This week we look at a new feature on the Apple Watch that could benefit diabetes patients, a newly approved hemophilia drug and calls for a new regulatory process for artificial intelligence-based medical technology. We also continue to explore concerns about clinical trial diversity. Finally, we highlight the reasons contributing to delayed Food and Drug Administration reviews of cell and gene therapies.
Each week we feature five things affecting the life sciences industry. Here’s the latest.
Bloomberg reported this week that Apple has made significant progress on a project to add blood glucose monitoring technology to the Apple Watch. This would create an alternative for diabetes patients who currently monitor their blood sugar by drawing blood, usually with a finger prick. The project has been underway for over 10 years and began while Steve Jobs was still at the helm of Apple.
The FDA announced this week that it has approved a hemophilia therapy. The drug prevents and treats bleeding episodes in patients with hemophilia.

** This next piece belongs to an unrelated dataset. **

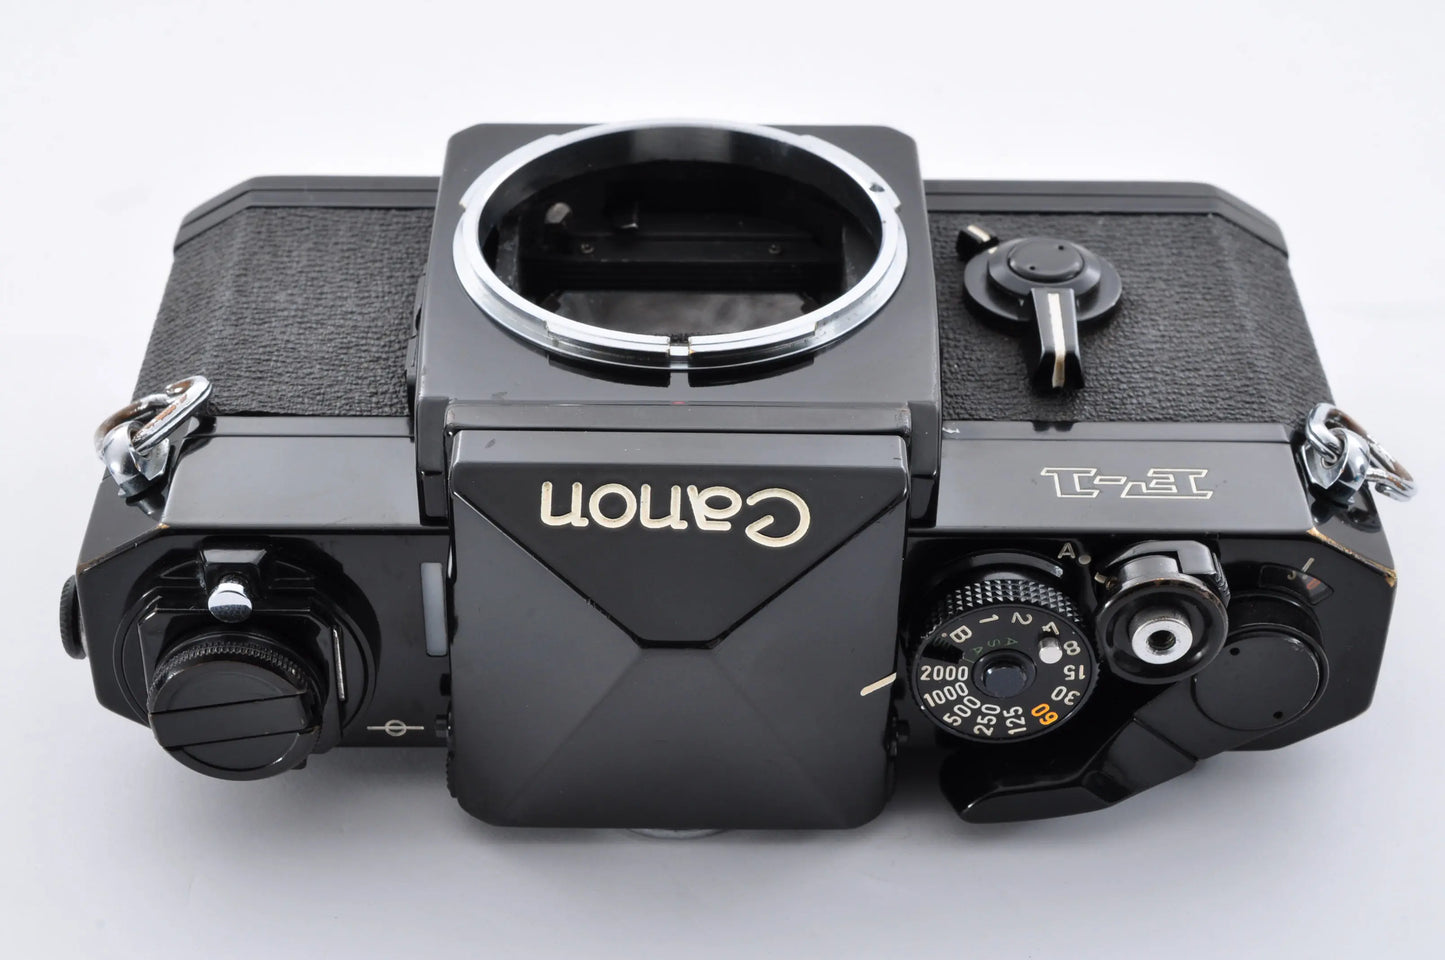 Canon F-1 Late model SLR 35mm Film Camera FD 50mm f/1.4 S.S.C. SSC "O" Fm Jp #530948

Treatments for the disease that are on the market require dosing several times a week, but this new product will require only one dose per week, significantly improving the quality of life for those afflicted with the disease.
Researchers suggested that the FDA create a new process for regulatory approval of medical devices that are driven by AI. This new model could reduce the time taken to assess AI by at least one month, but would be costly to implement and would require collaboration between developers of this technology and regulators.

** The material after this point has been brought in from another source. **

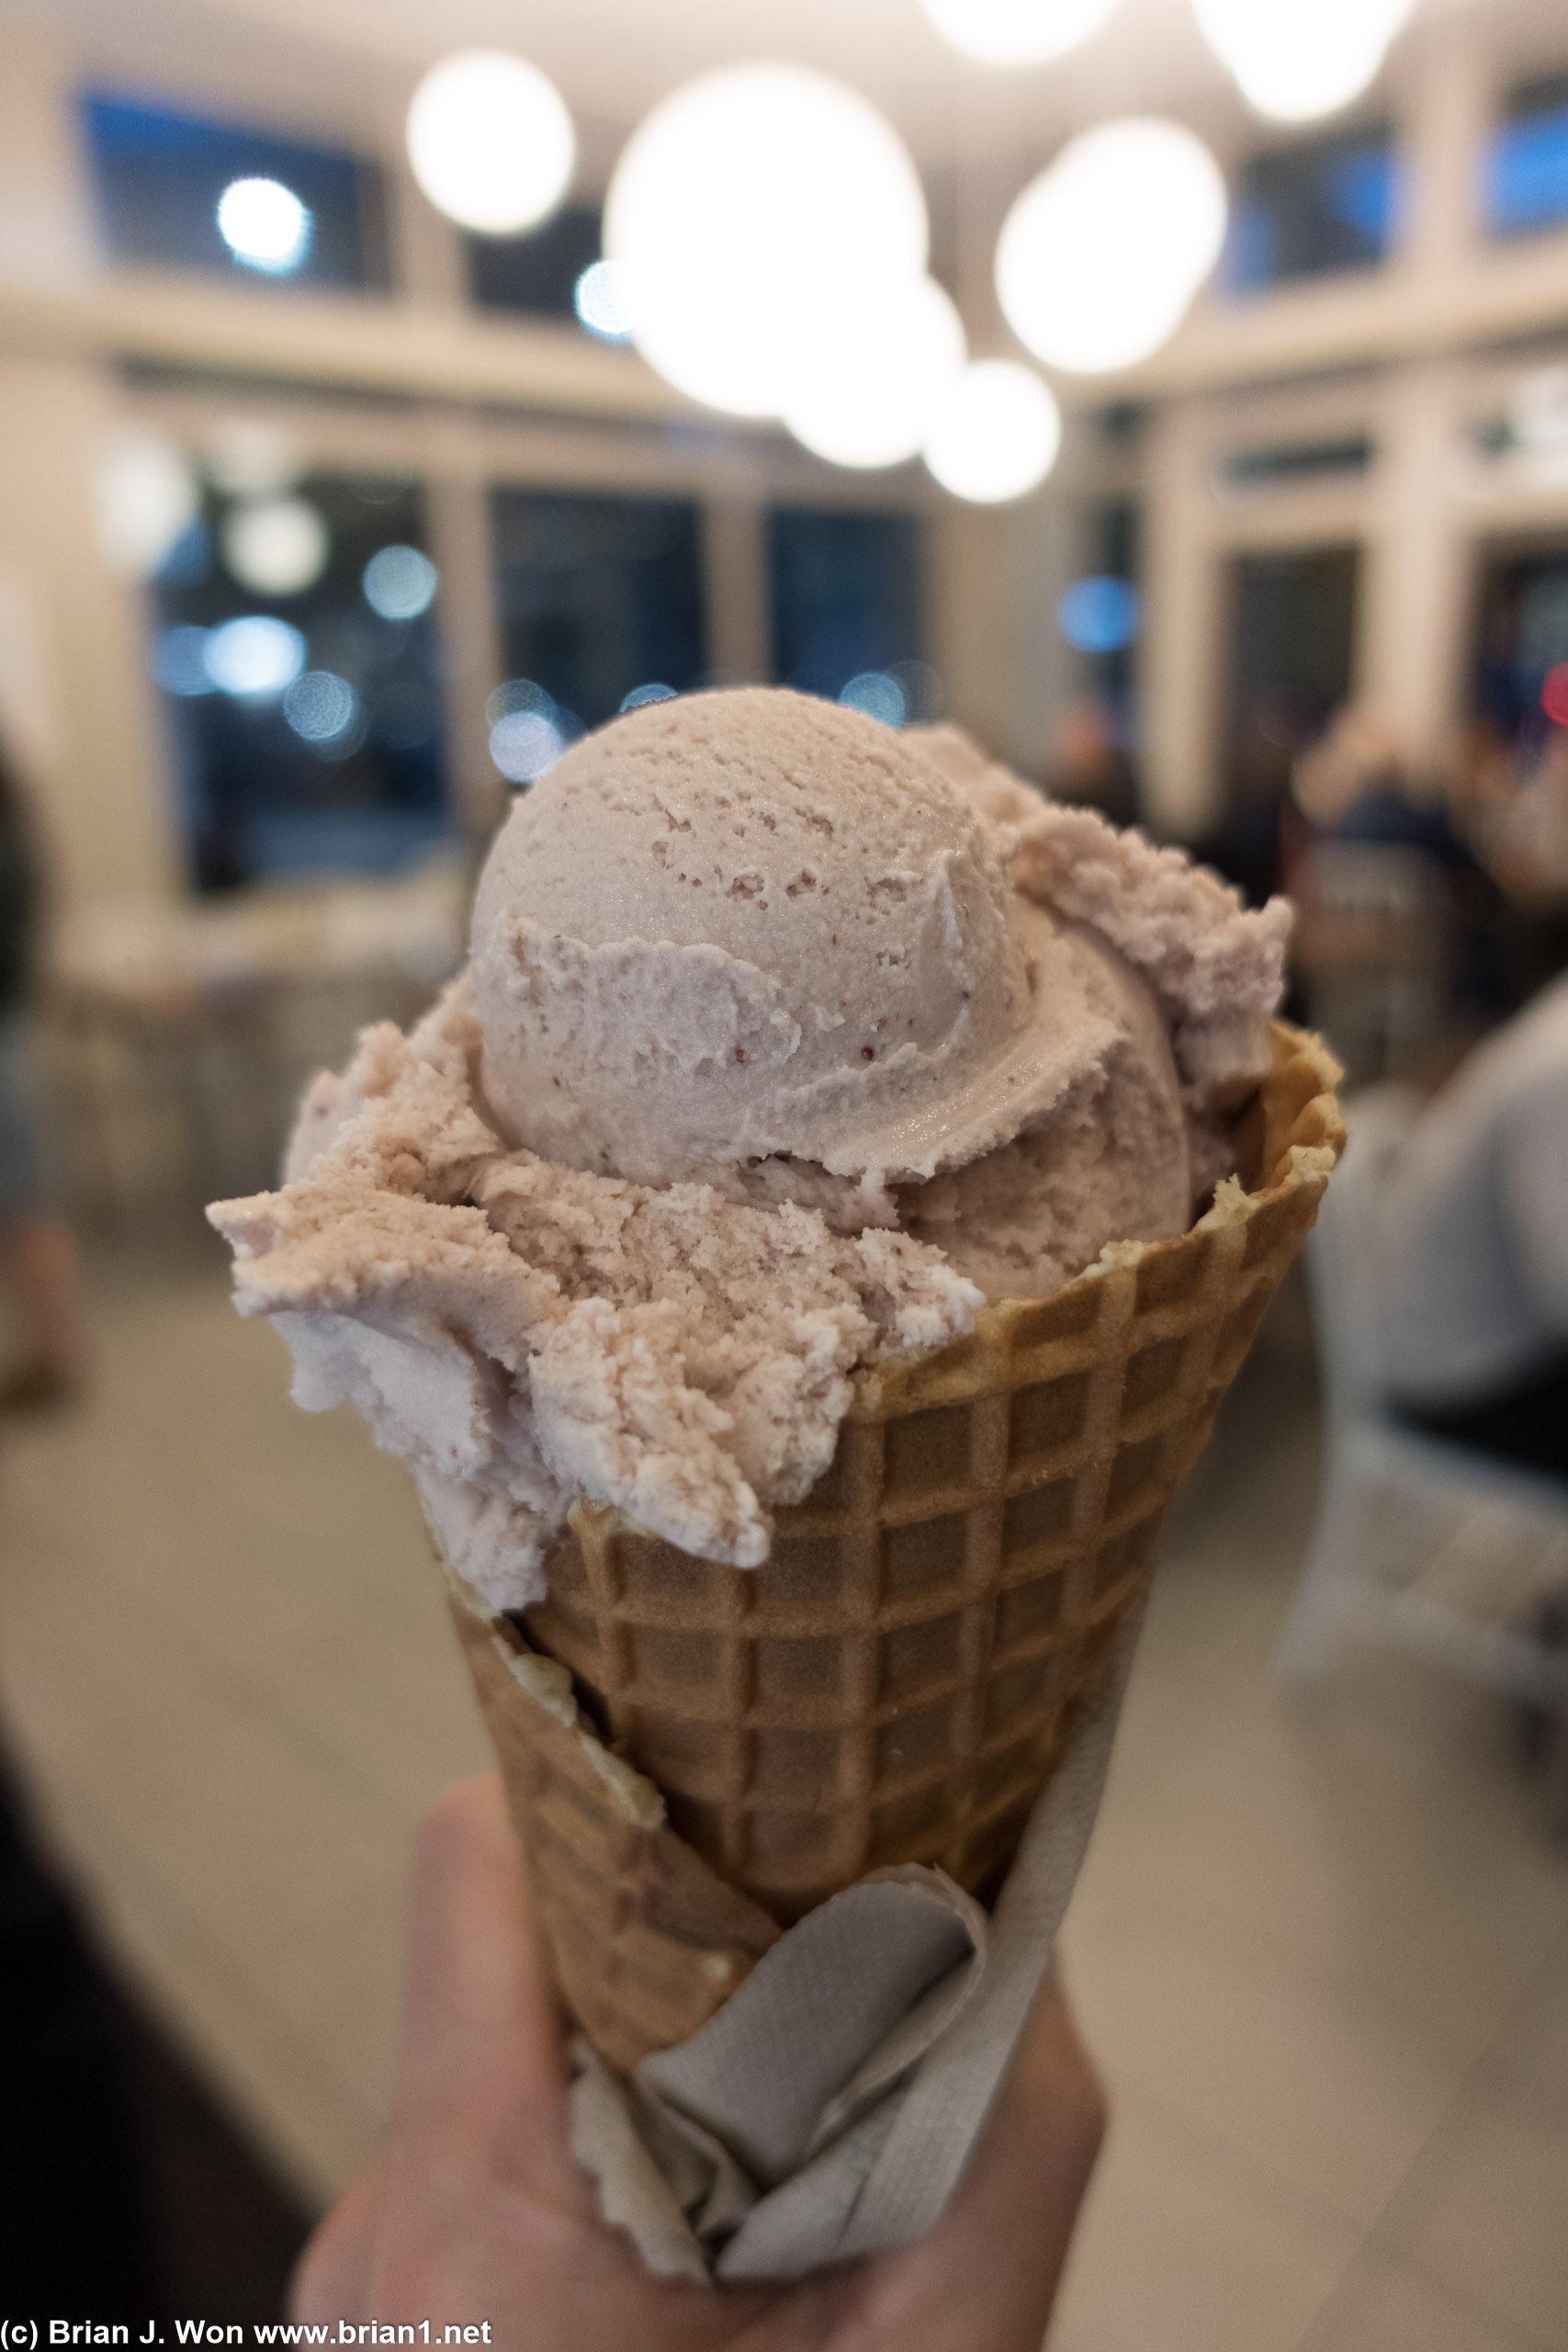 Fresh strawberry ice cream in a waffle cone.

Last week we discussed potential FDA regulations that would require diversity in clinical trials. A recent study from Yale School of Medicine noted that while most study results indicate gender representation, less than half provide information regarding participants’ age, race or ethnicity. Further, of the trials that did report race and ethnicity data, a significant number indicated a lack of diversity among participants.
With a record number of cell and gene therapy trials underway, the FDA is struggling to review trials and applications in a timely manner. The agency is looking to hire additional reviewers but has stated that it may take several years to work through the reviews that are in the pipeline. There has also been an increased number of clinical holds over the last year which has added to the workload.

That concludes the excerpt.